Input data.
□ □ □ □ □ □ □

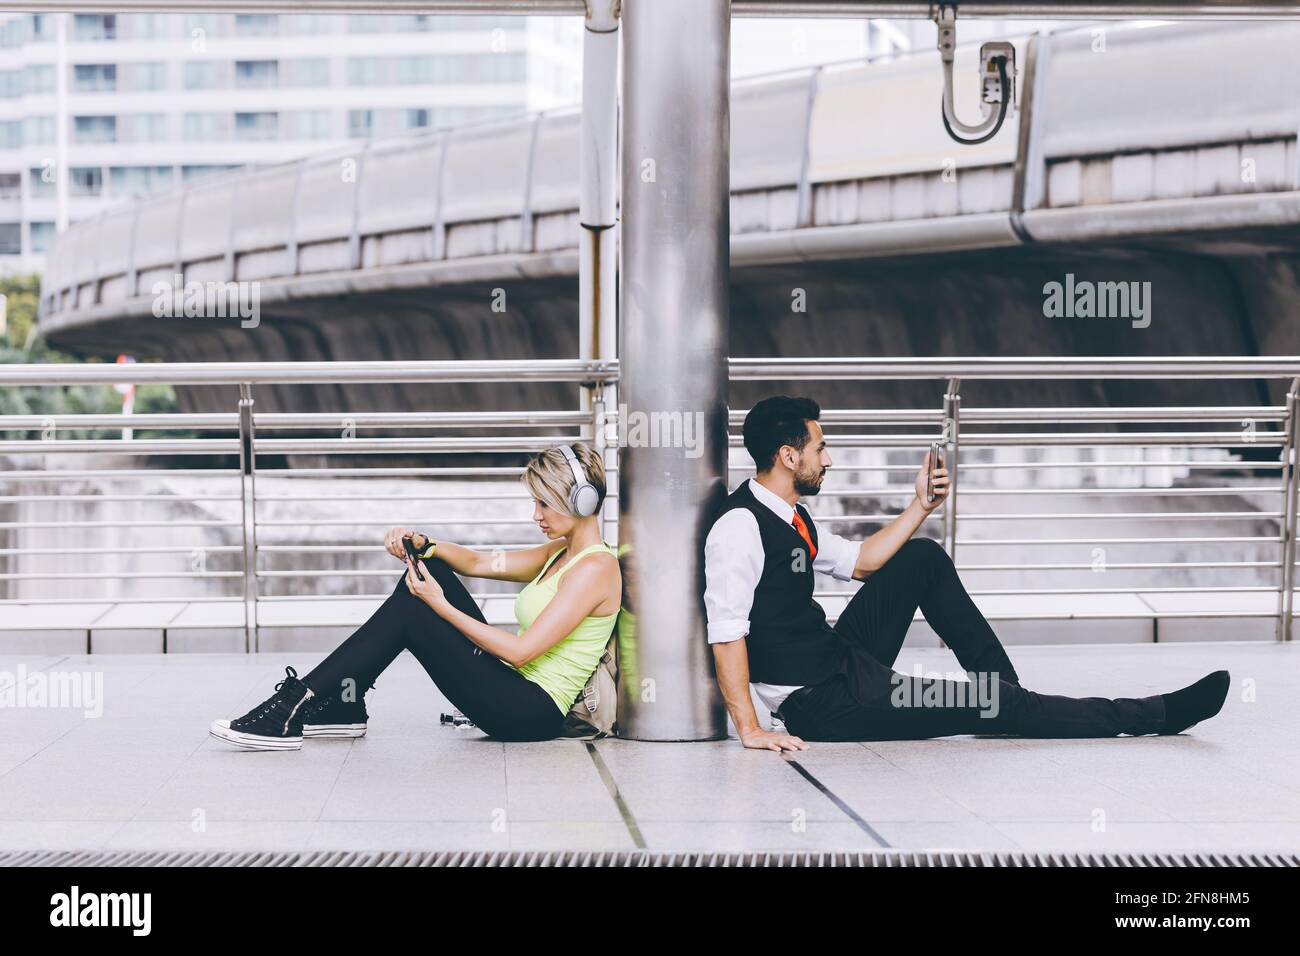 Two people with unique difference lifestyle compare both sport girl and businessman using smartphone. Stock Photo
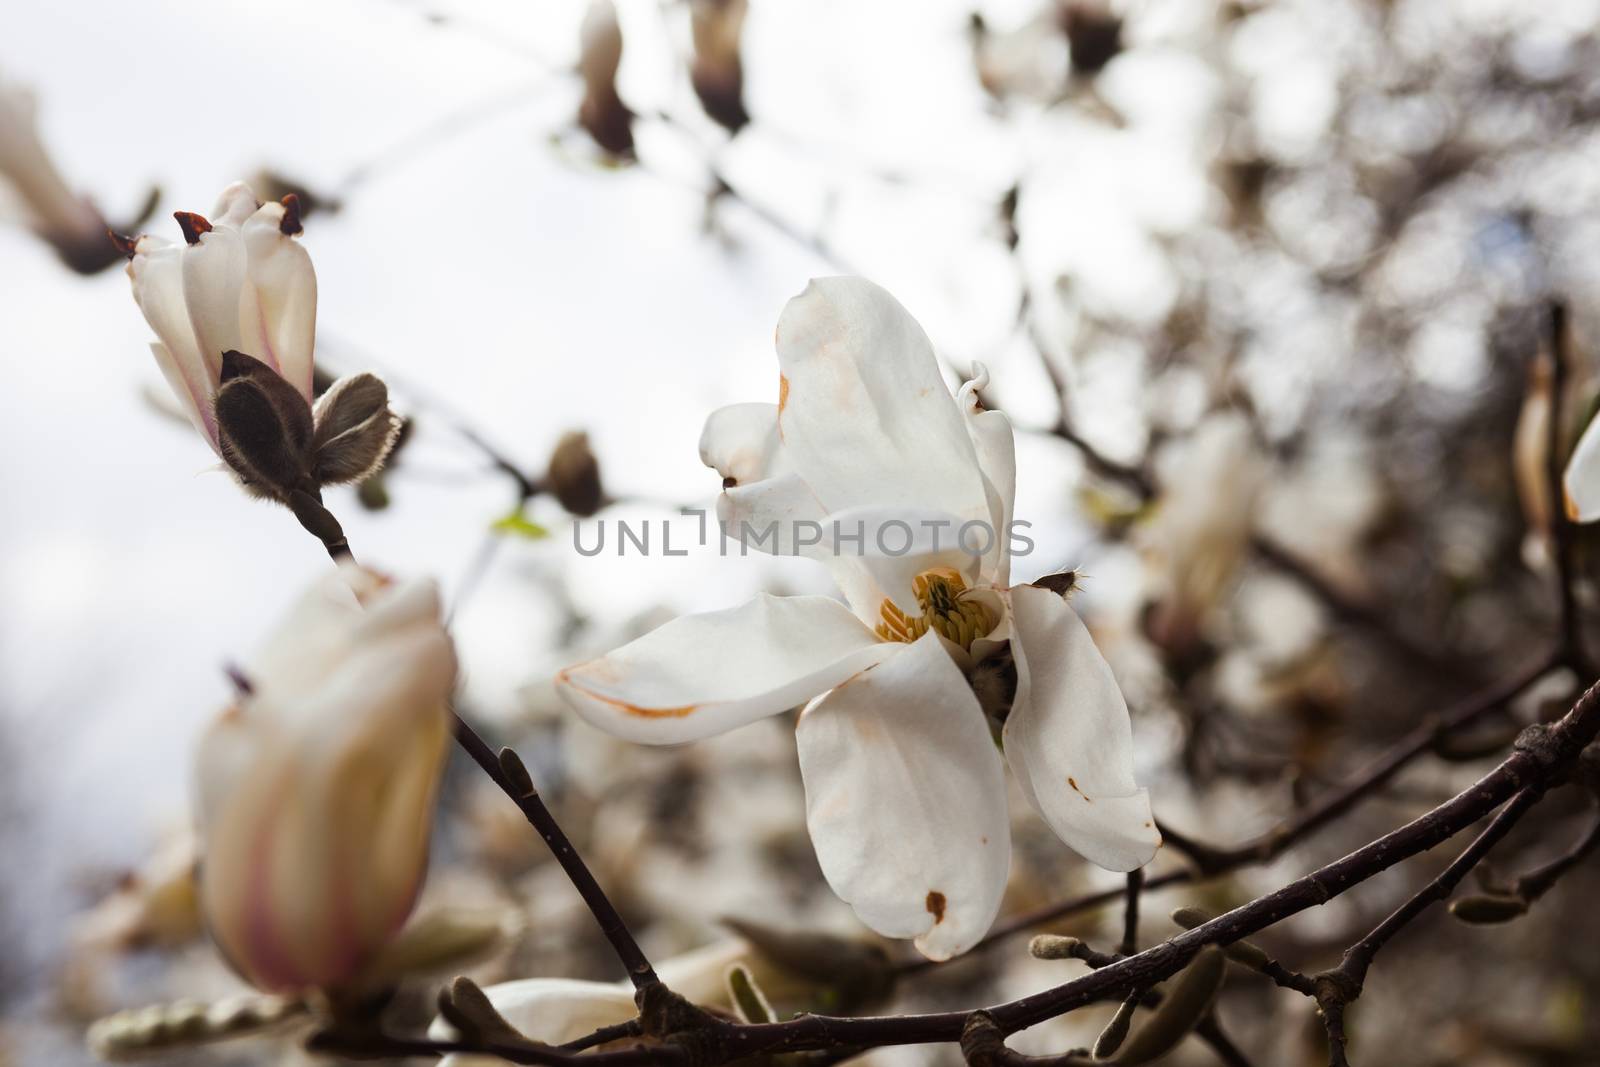 White flowers of the magnolia tree in early spring by rootstocks
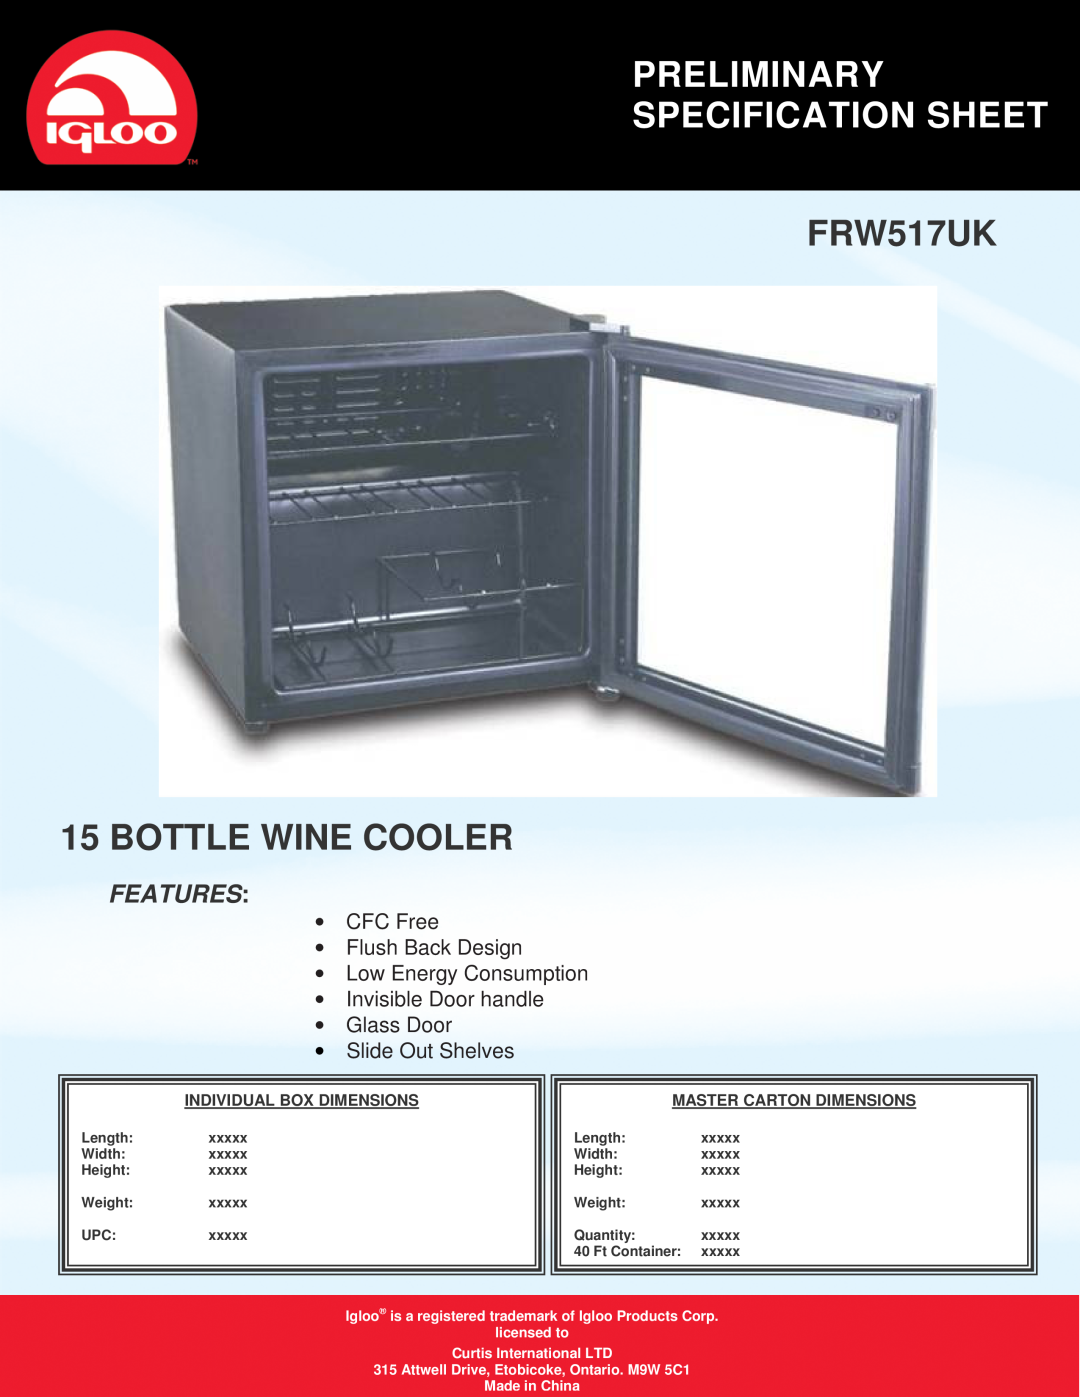 Igloo specifications Preliminary Specification Sheet, FRW517UK 15 BOTTLE WINE COOLER, Features, Made in China 
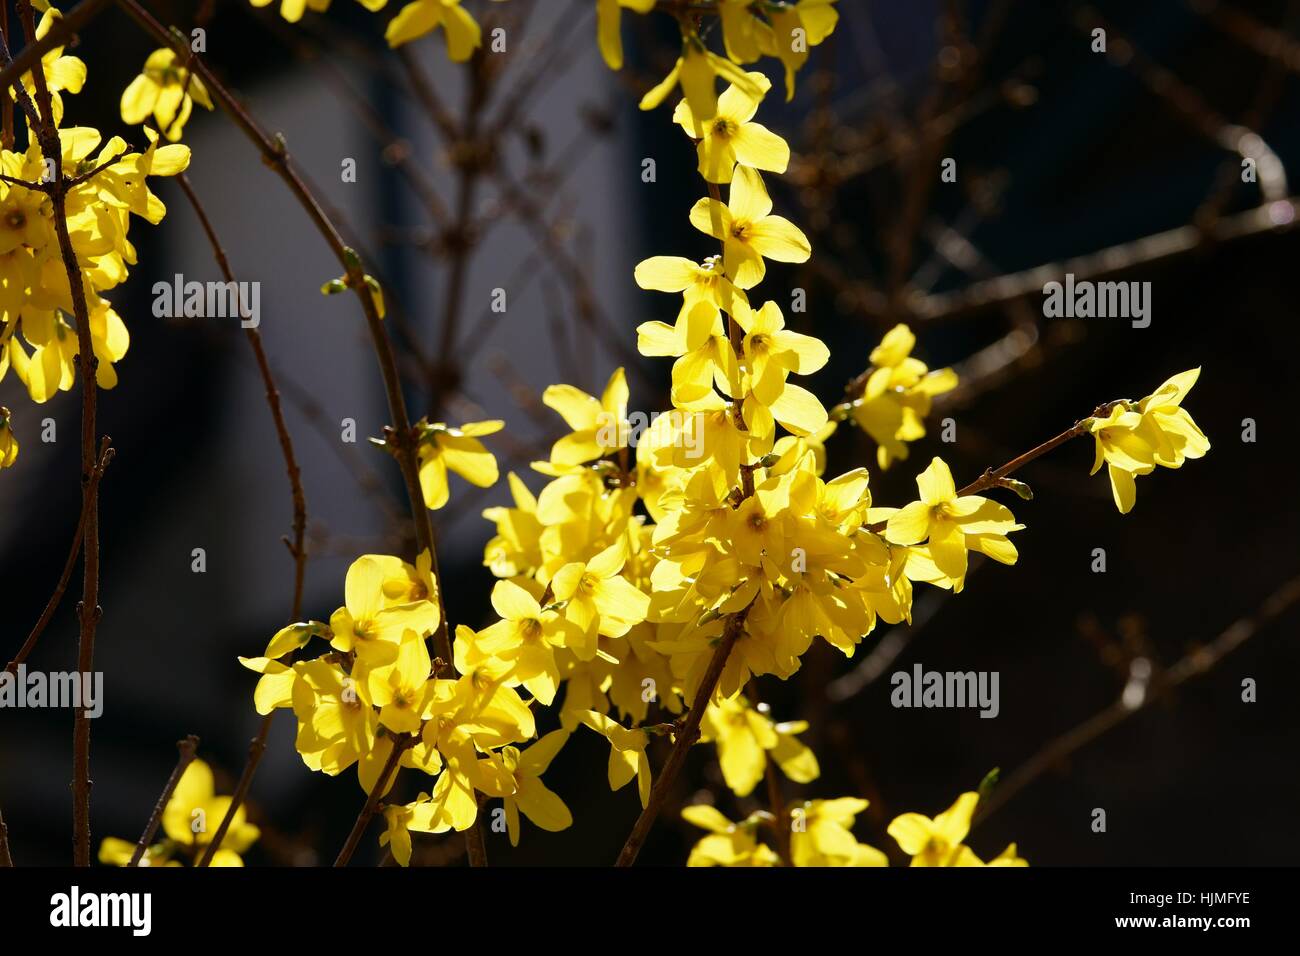 Forsythia branches covered with yellow blossom over dark background Stock Photo

□ □ □ □ □ □ □

Exercise aim.
The first line of the listing through the line with "Igloo specifications Preliminary": repeat exactly that span and nothing more, skipping pictures.

Answer space.
 Two people with unique difference lifestyle compare both sport girl and businessman using smartphone. Stock Photo
 White flowers of the magnolia tree in early spring by rootstocks
 Igloo specifications Preliminary Specification Sheet, FRW517UK 15 BOTTLE WINE COOLER, Features, Made in China 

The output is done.